You may have noticed, to begin with, that we’re taking pornography seriously in this discussion of Freud. And we are going to utilize data from pornography frequently in this book. Somewhat surprisingly, porn data is rarely utilized by sociologists, most of whom are comfortable relying on the traditional survey datasets they have built their careers on. But a moment’s reflection shows that the widespread use of porn—and the search and views data that comes with it—is the most important development in our ability to understand human sexuality in, well . . . Actually, it’s probably the most important ever. It is data that Schopenhauer, Nietzsche, Freud, and Foucault would have drooled over. This data did not exist when they were alive. It did not exist a couple decades ago. It exists now. There are many unique data sources, on a range of topics, that give us windows into areas about which we could previously just guess. Offering up new types of data is the first power of Big Data.

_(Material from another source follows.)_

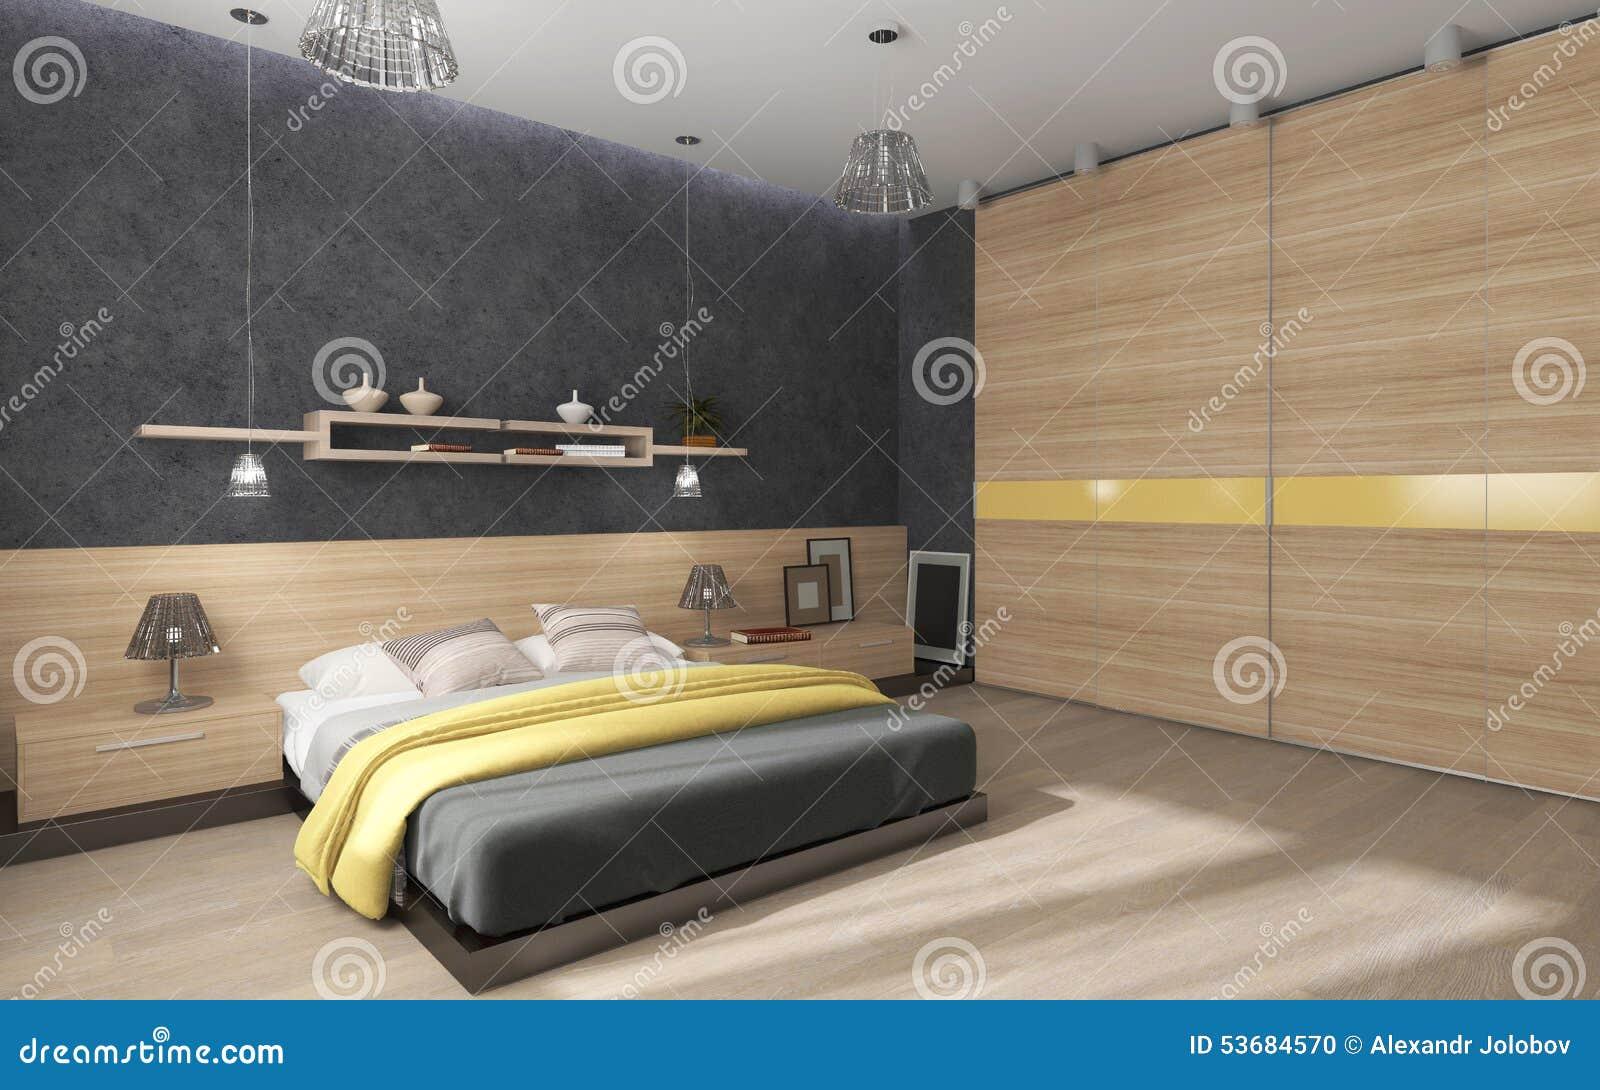 Grote Slaapkamer Kast : Slaapkamer met grote kast stock illustratie illustratie bestaande

The porn data and the Google search data are not just new; they are honest. In the pre-digital age, people hid their embarrassing thoughts from other people. In the digital age, they still hide them from other people, but not from the internet and in particular sites such as Google and PornHub, which protect their anonymity. These sites function as a sort of digital truth serum—hence our ability to uncover a widespread fascination with incest. Big Data allows us to finally see what people really want and really do, not what they say they want and say they do. Providing honest data is the second power of Big Data.
Because there is now so much data, there is meaningful information on even tiny slices of a population. We can compare, say, the number of people who dream of cucumbers versus those who dream of tomatoes. Allowing us to zoom in on small subsets of people is the third power of Big Data.
Big Data has one more impressive power—one that was not utilized in my quick study of Freud but could be in a future one: it allows us to undertake rapid, controlled experiments. This allows us to test for causality, not merely correlations. These kinds of tests are mostly used by businesses now, but they will prove a powerful tool for social scientists. Allowing us to do many causal experiments is the fourth power of Big Data.
Now it is time to unpack each of these powers and explore exactly why Big Data matters.
3
DATA REIMAGINED
At 6 A.M. on a particular Friday of every month, the streets of most of Manhattan will be largely desolate. The stores lining these streets will be closed, their fa?ades covered by steel security gates, the apartments above dark and silent.
The floors of Goldman Sachs, the global investment banking institution in lower Manhattan, on the other hand, will be brightly lit, its elevators taking thousands of workers to their desks. By 7 A.M. most of these desks will be occupied.